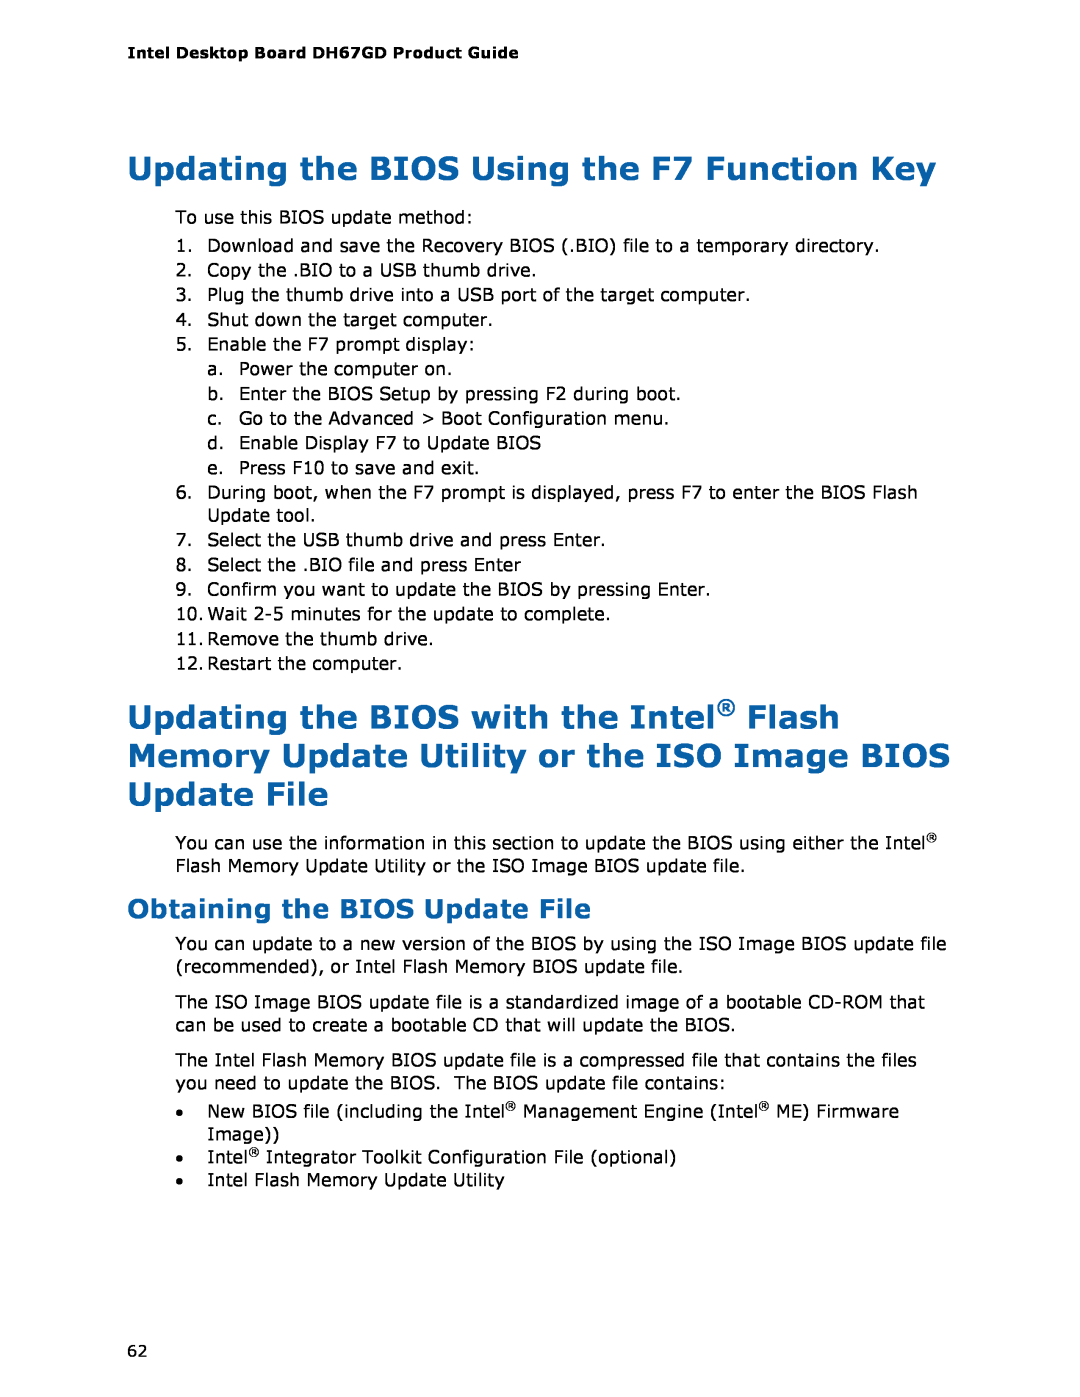 Intel G13841-001, BLKDH67GDB3 manual Updating the BIOS Using the F7 Function Key, Obtaining the BIOS Update File 
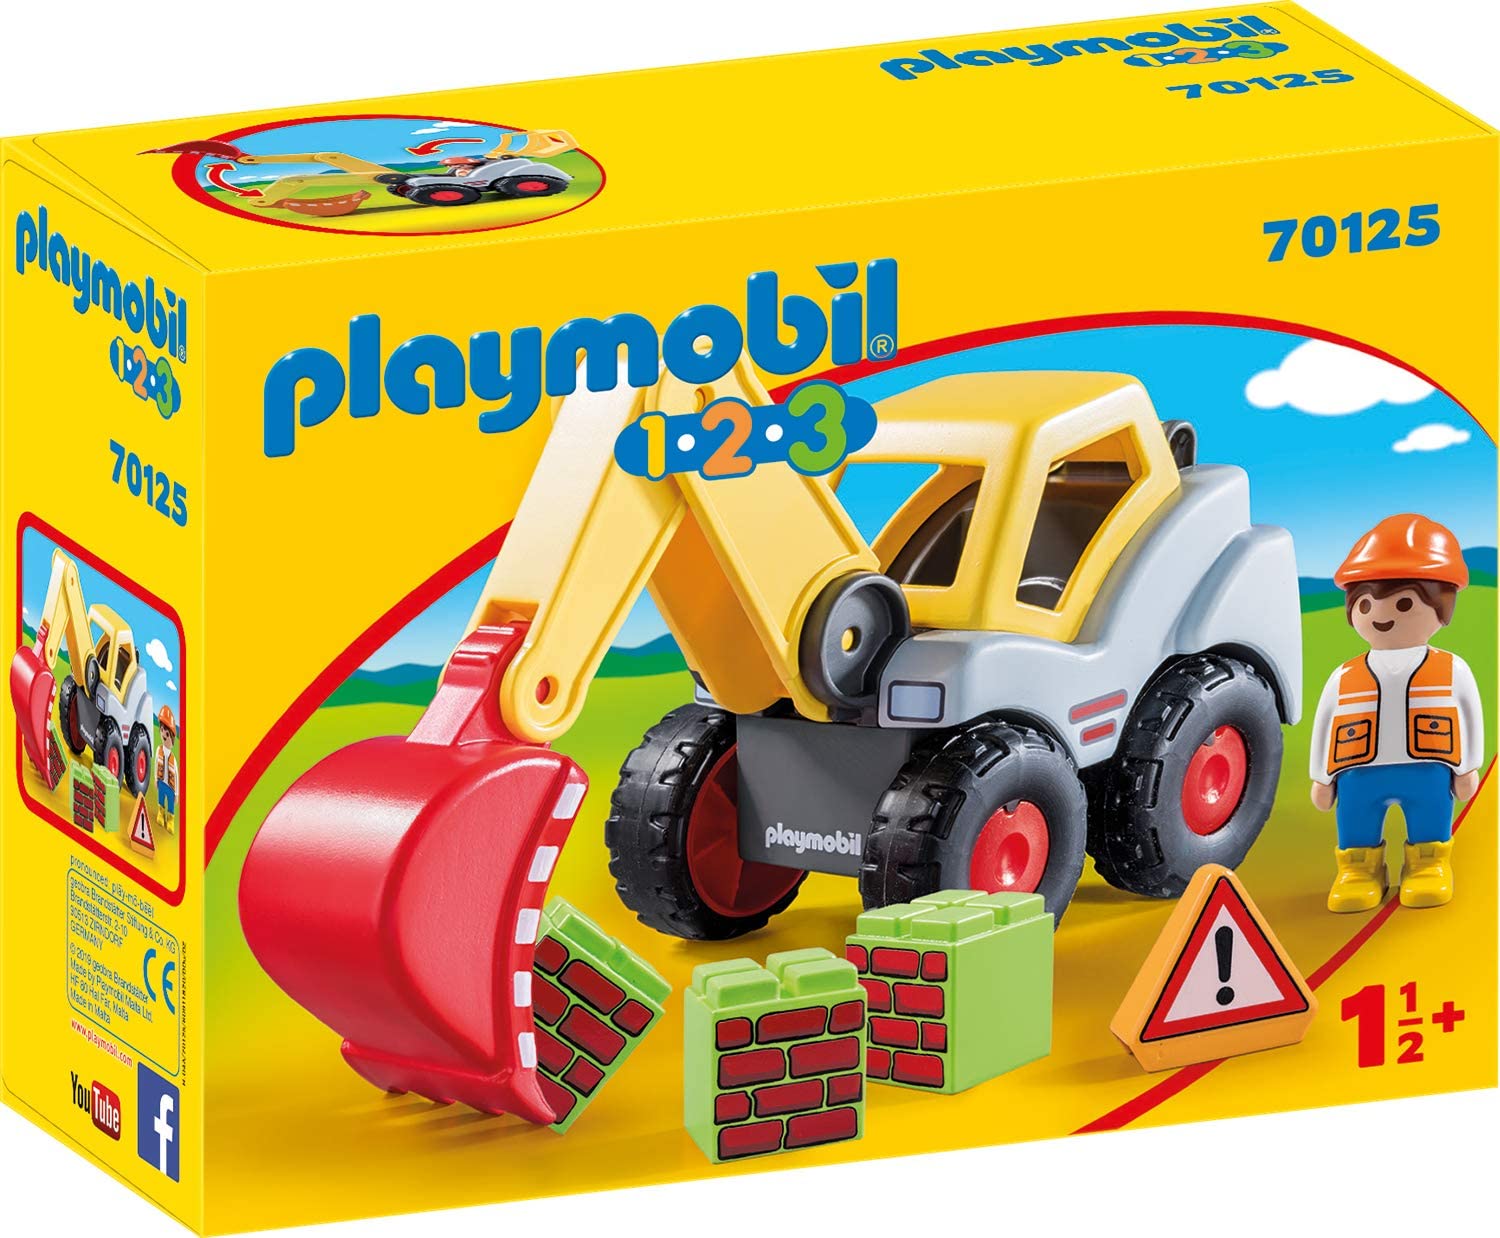 Playmobil 70125 1.2.3 Excavator For Ages 18 Months And Above, One Size, Mul
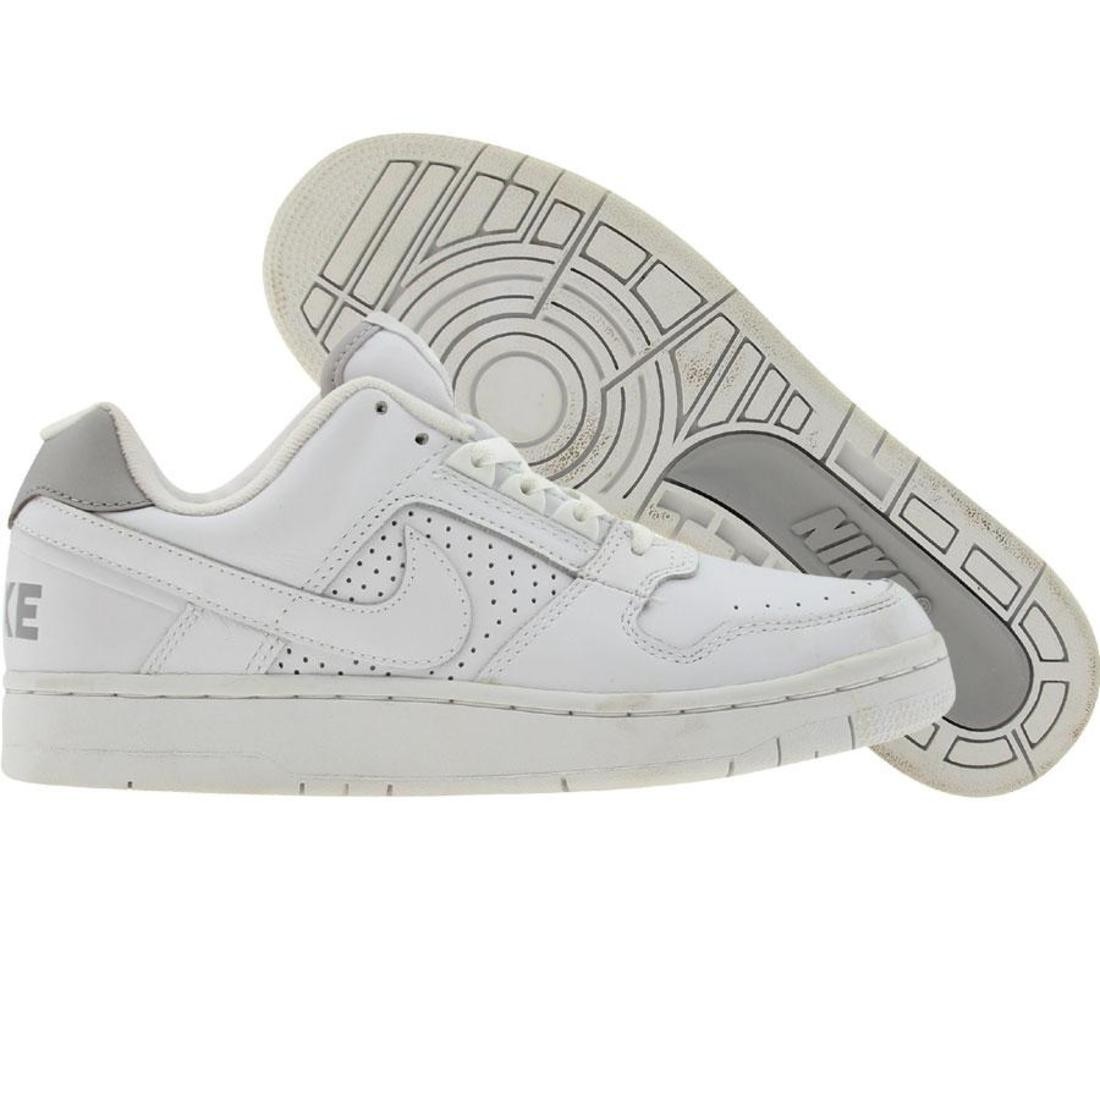 Nike Delta Force Low (white / neutral grey)
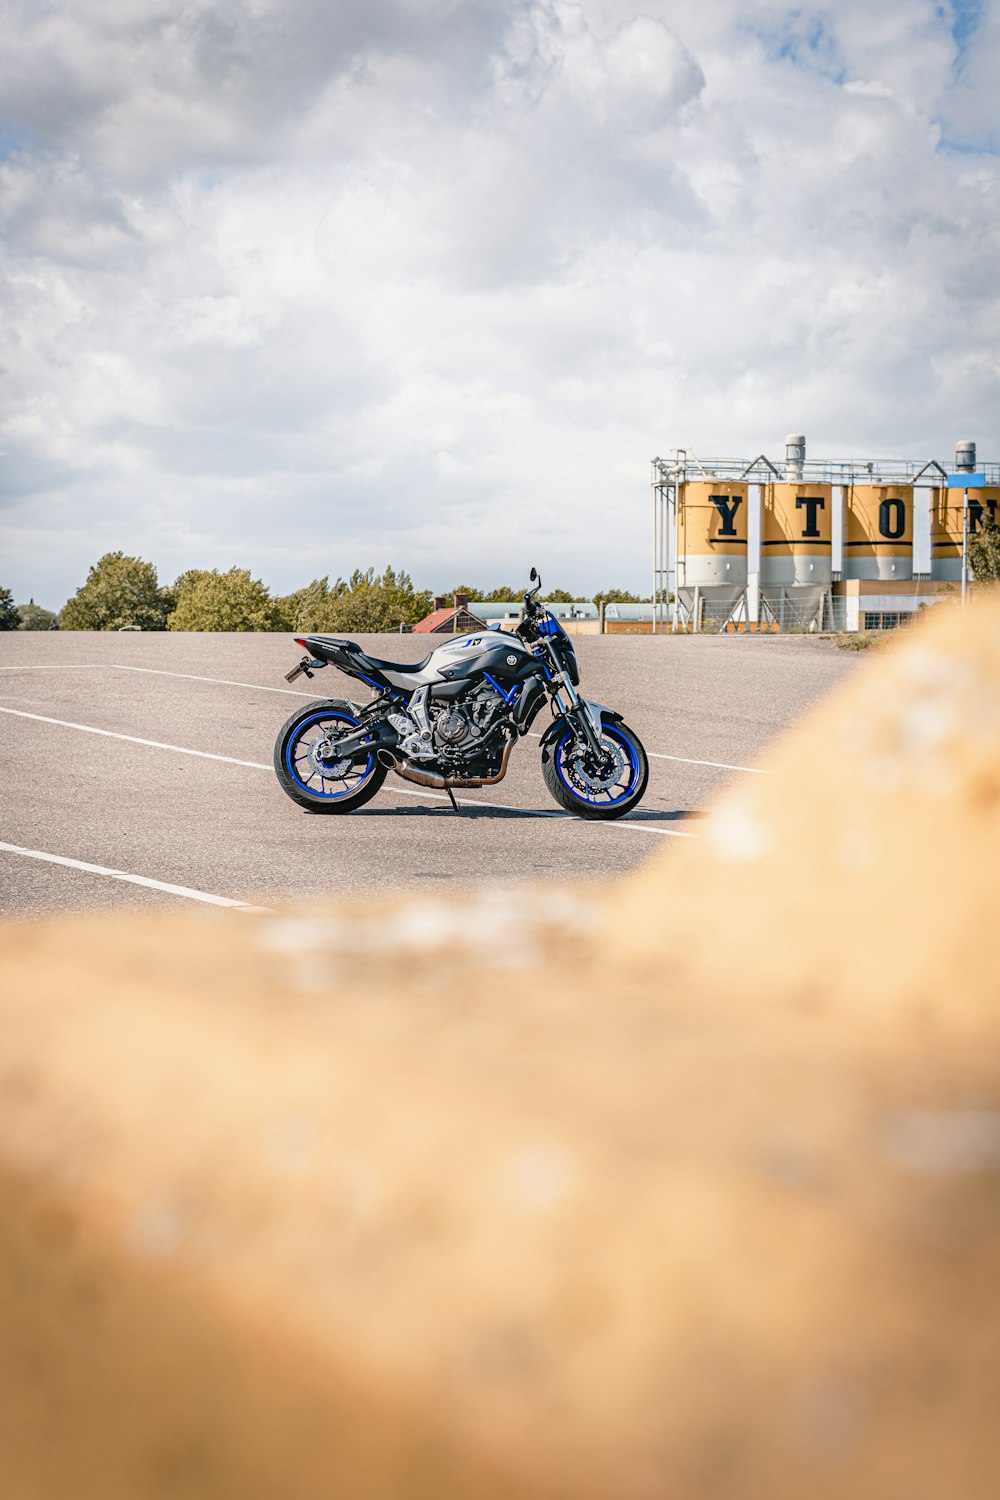 black and blue sports bike on road during daytime
□ □ □
Exercise brief
Drop every image, please, and write out the data above exactly as shown.

Response
 Intel G13841-001, BLKDH67GDB3 manual Updating the BIOS Using the F7 Function Key, Obtaining the BIOS Update File 
 Playmobil 70125 1.2.3 Excavator For Ages 18 Months And Above, One Size, Mul
 Nike Delta Force Low (white / neutral grey)
 black and blue sports bike on road during daytime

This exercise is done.